2.4. South Coast Productions Ltd may also collect Personal
Data for statistical purposes. Such data will be used or disclosed
only on an anonymous aggregated basis.
2.5. South Coast Productions Ltd may hold Personal Data relating
to the transactions which you enter into with us. We will
disclose this Personal Data only insofar as to facilitate
the provision of the Goods and Services provided to You.
2.6. Any telephone calls made to our offices may be monitored
or recorded. Such monitoring and reporting is used for training
purposes and to track reported problems and to improve our
service to You.
2.7. South Coast Productions Ltd shall disclose Personal Data
where we are compelled to do so by law.
3. SERVICES
3.1. Your project requirements must be clearly provided to
South Coast Productions Ltd in writing before commencement
of work and subject only to one set of minor alterations thereafter.
3.2. E-mail correspondence shall be sufficient to prove changes
to agreements for the form and content of programmes.

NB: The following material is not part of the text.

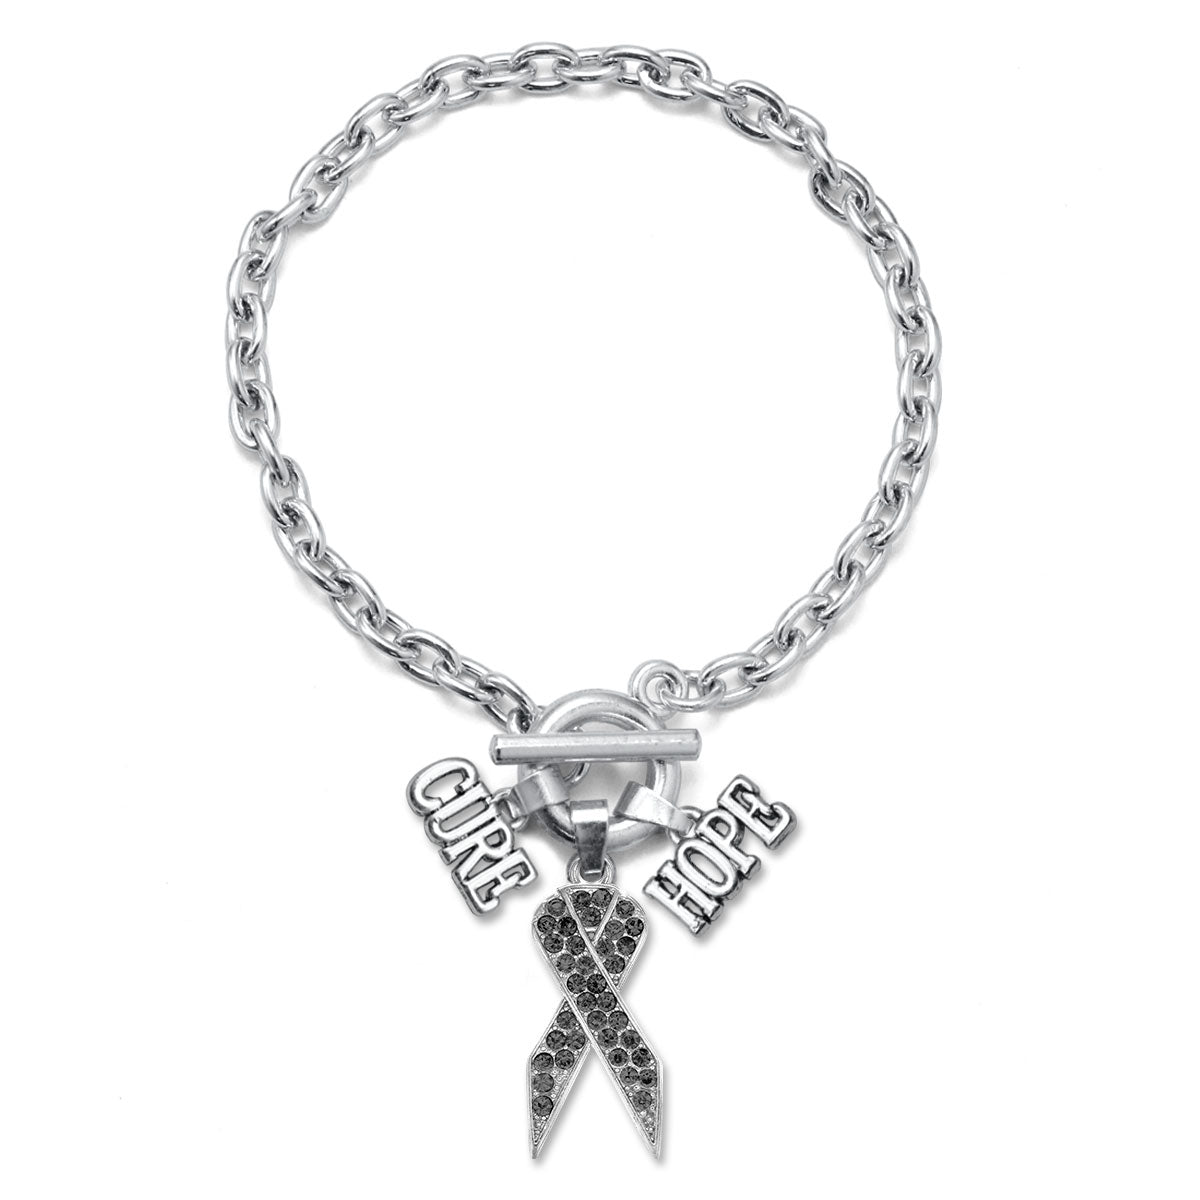 Silver Hope Black Awareness Ribbon Charm Toggle Bracelet

3.3. Major alterations to a project, not agreed prior to the
commencement of work, are subject to a further written agreement
and possible additional charges.
3.4. South Coast Productions Ltd cannot be held liable to
any party for any errors on any medium after the client has
agreed in writing that the content is correct and accurate
and should be posted, published or broadcast.
3.5. Whilst every reasonable precaution is taken to prevent
loss of materials, South Coast Productions Ltd cannot be held
liable for any losses or costs incurred by the client due
to any equipment or media failure.
3.6. All audio and/or soundtrack material supplied by South
Coast Productions Ltd will be copyright and royalty free.
Any variations by agreement only.
3.7. South Coast Productions Ltd reserve the right to use
all images and video productions for our own promotional activities
unless expressly requested not to do so in writing;
3.8. South Coast Productions Ltd shall endeavour to provide
the Goods and Services during Business Hours or as otherwise
agreed;
3.9. South Coast Productions Ltd shall use reasonable endeavours
to ensure that any work causes minimum disruption to Your
business.
3.10. South Coast Productions Ltd shall not be liable to You
if for any reason the Services are unavailable at any time
or for any period and for any reason.
3.11. South Coast Productions Ltd may from time to time modify,
add to or remove aspects of the Services.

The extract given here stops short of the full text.